== WHAT TO WORK ON ==
Apart from the pictures, return every line of the listing exactly.
SUPPLIED INFORMATION Block Start
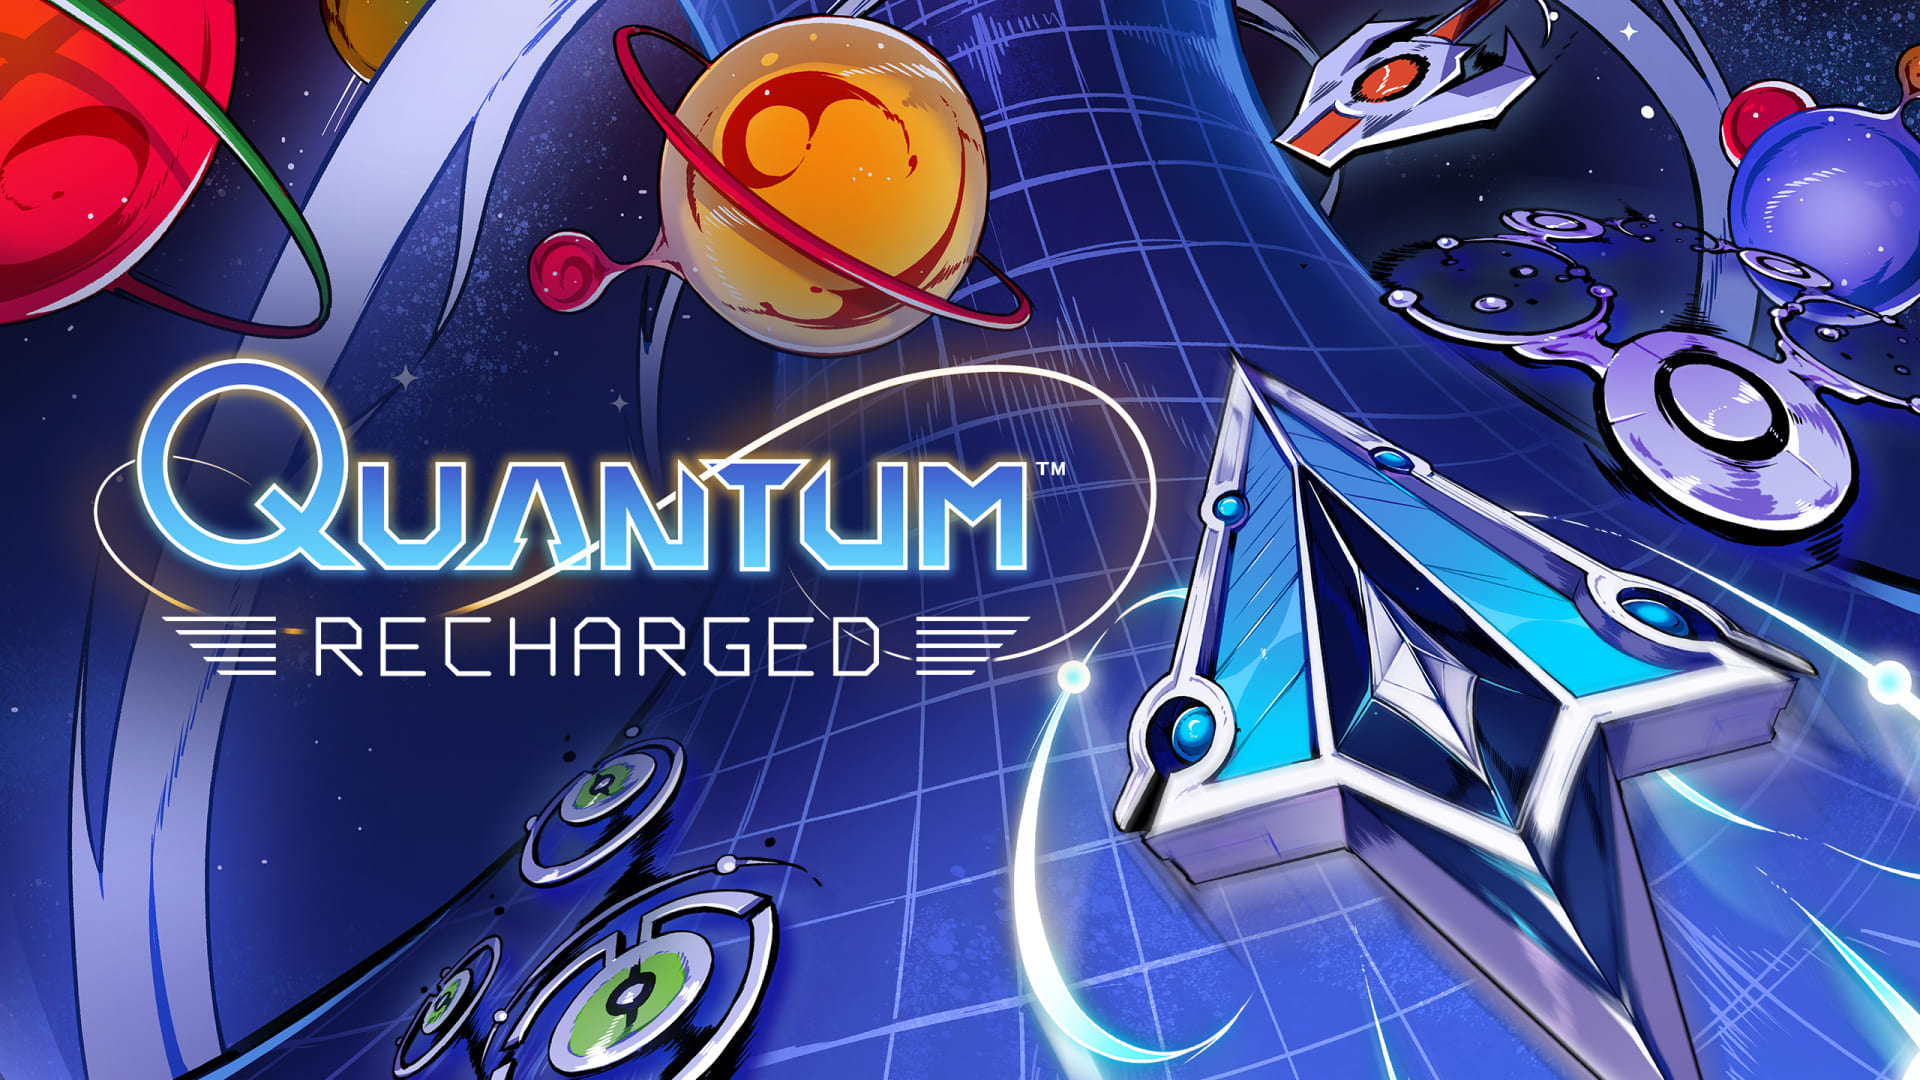 Quantum: Recharged 1
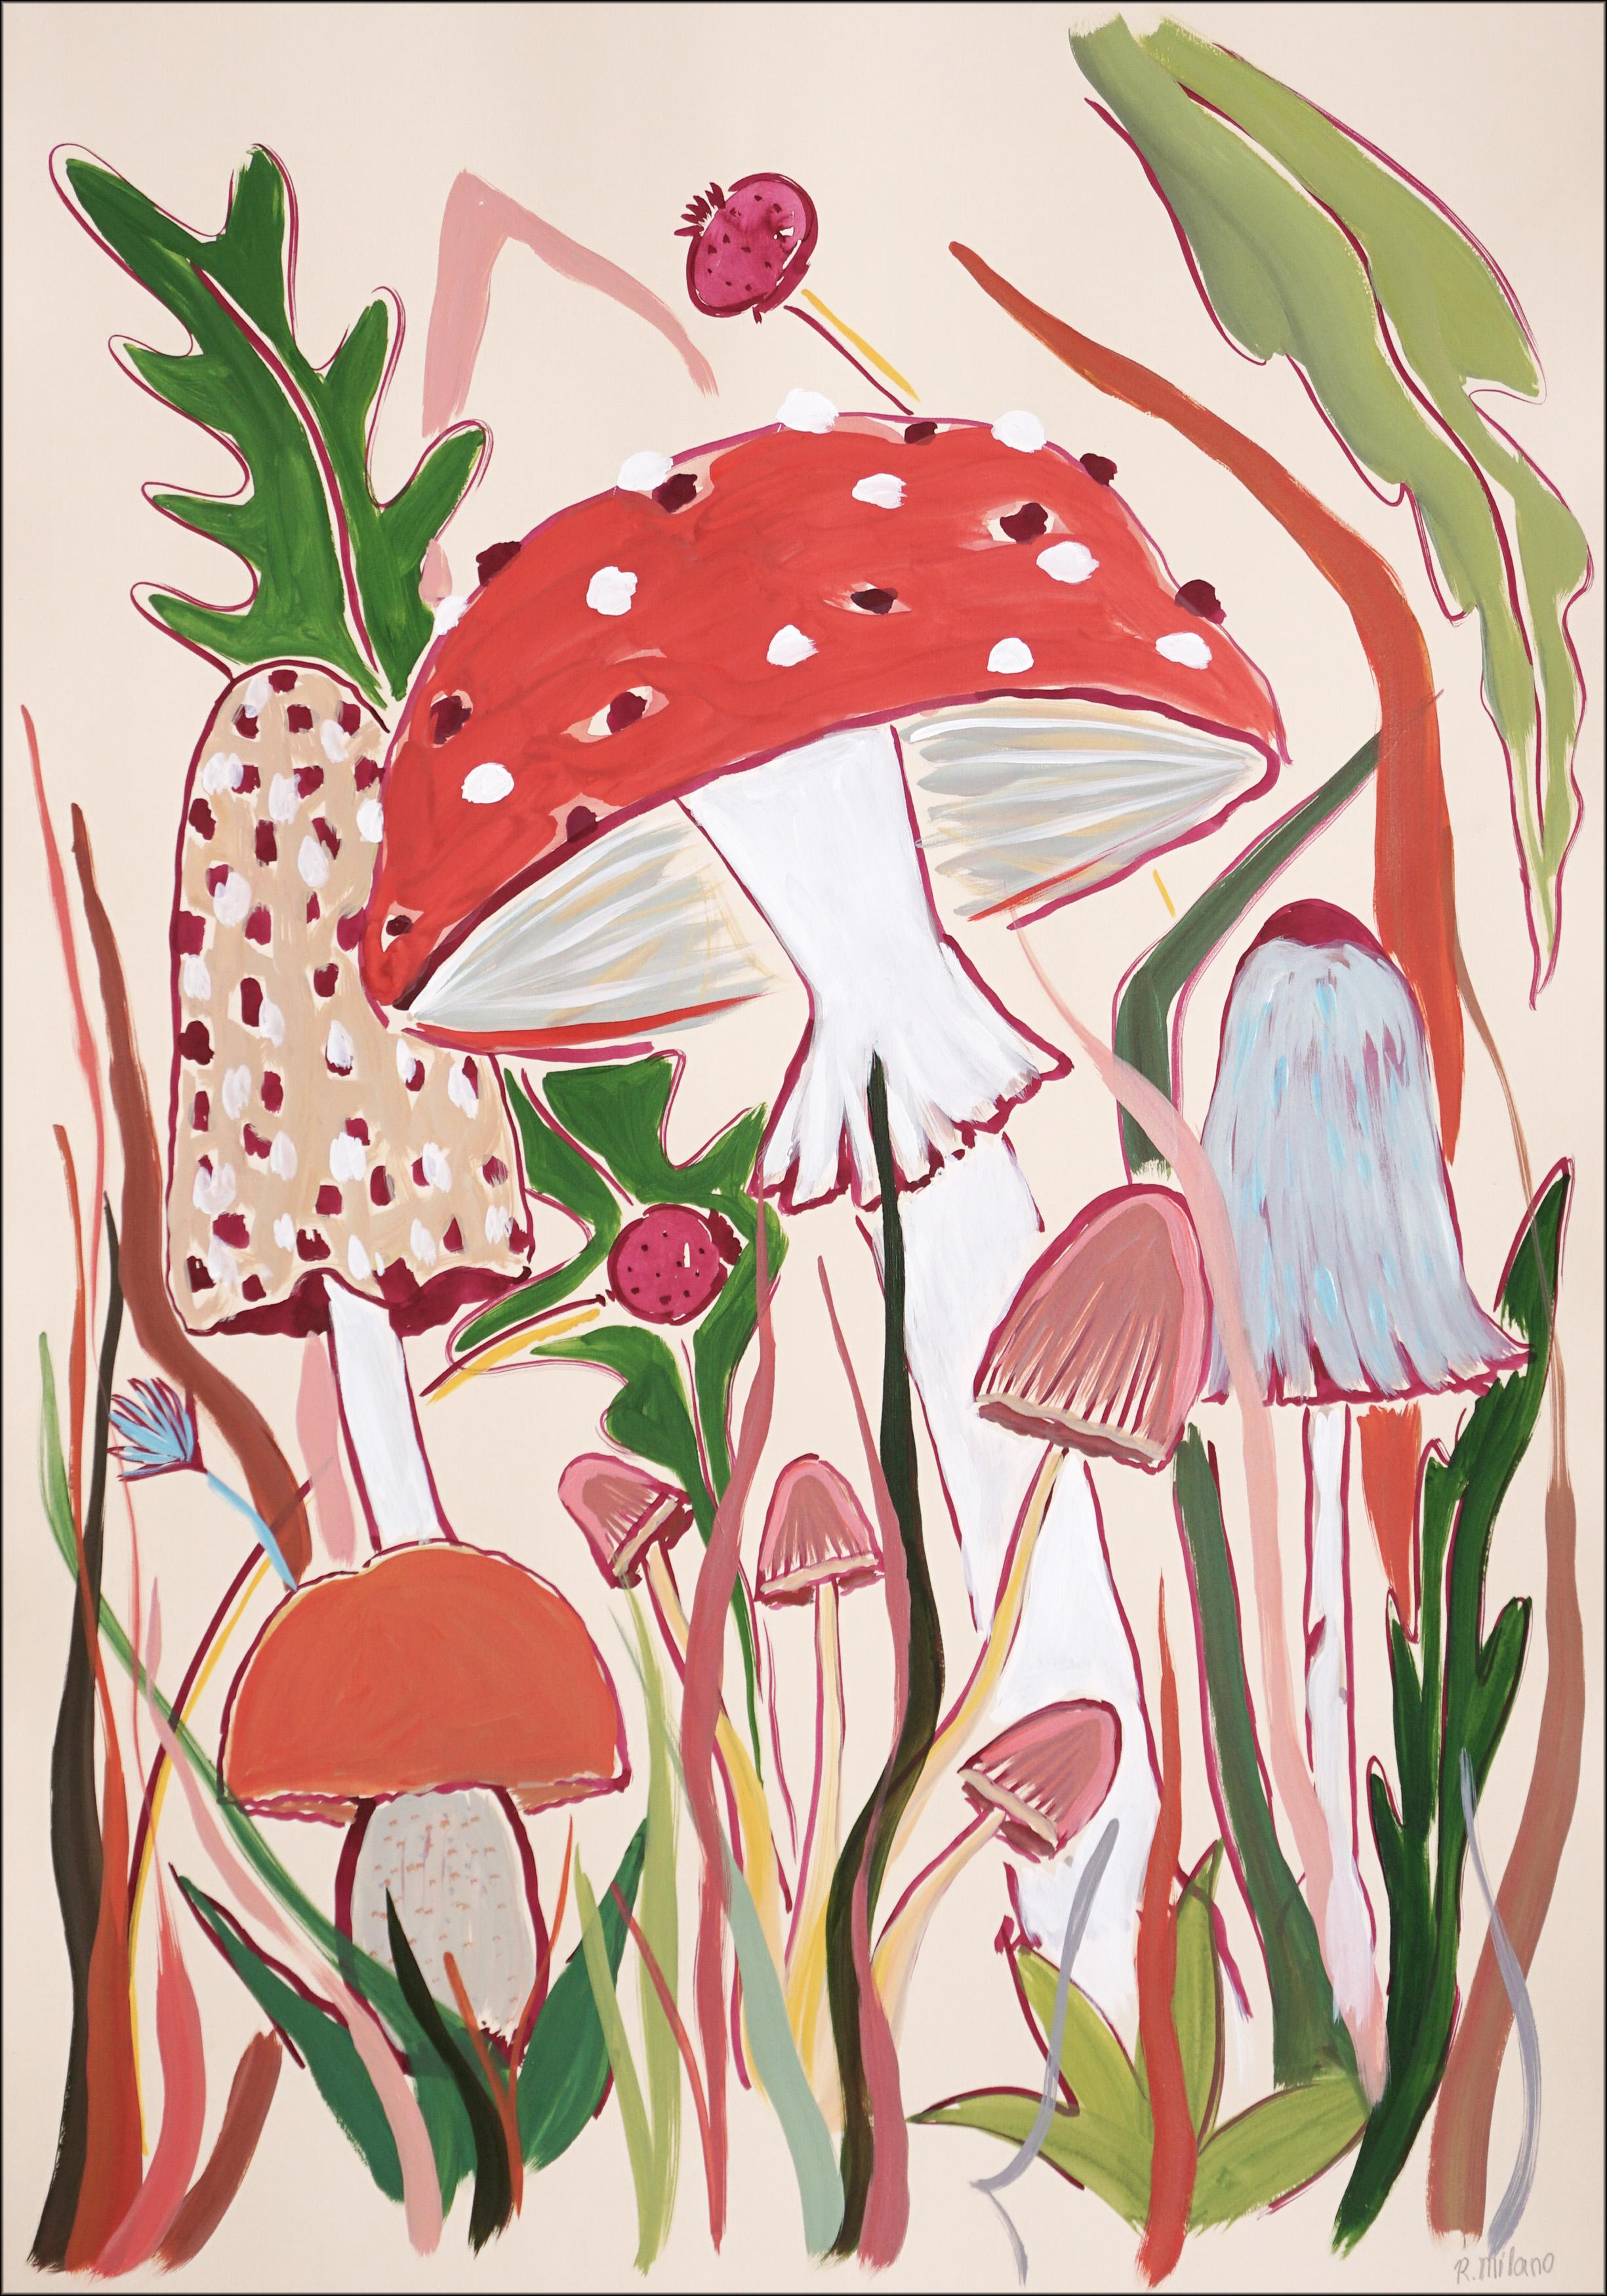 Romina Milano Still-Life Painting - Wild Mushrooms Harvest, Autumn, Magic Nature, Illustration Style, Red Warm Tones
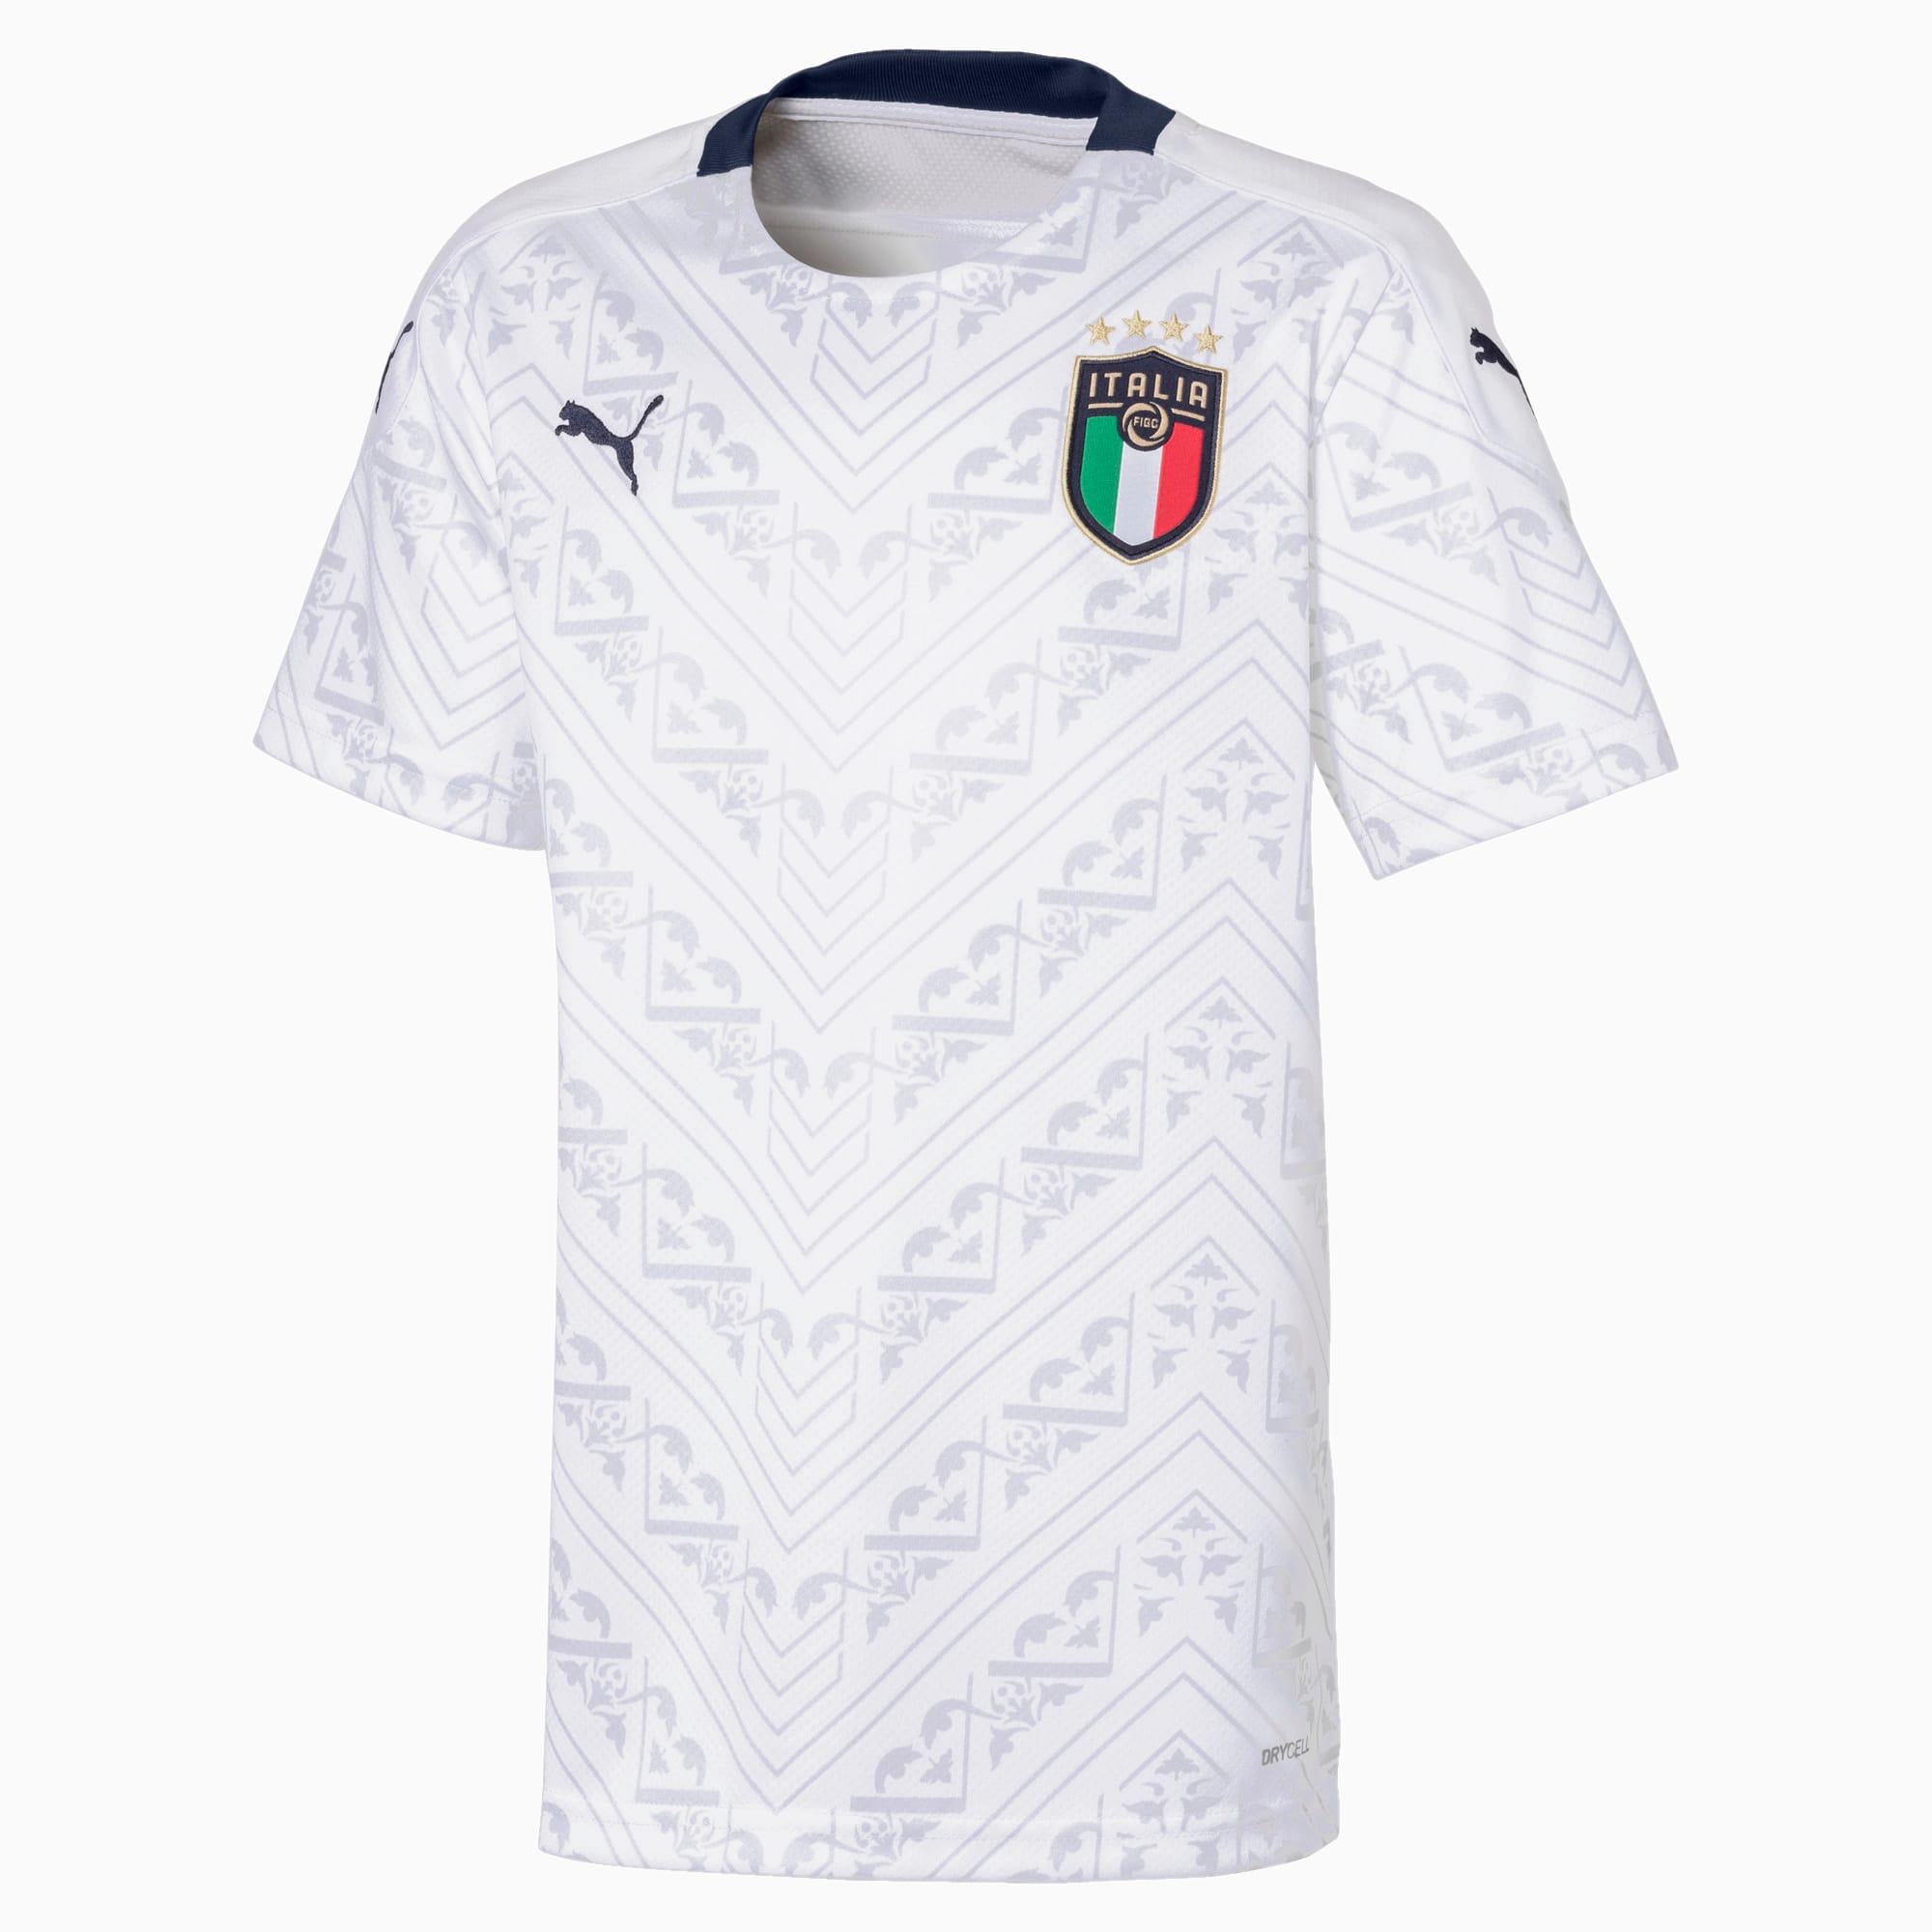 puma italia shirt
SUPPLIED INFORMATION Block End
== RESULT OF THE TASK ==
 Quantum: Recharged 1
 Romina Milano Still-Life Painting - Wild Mushrooms Harvest, Autumn, Magic Nature, Illustration Style, Red Warm Tones
 puma italia shirt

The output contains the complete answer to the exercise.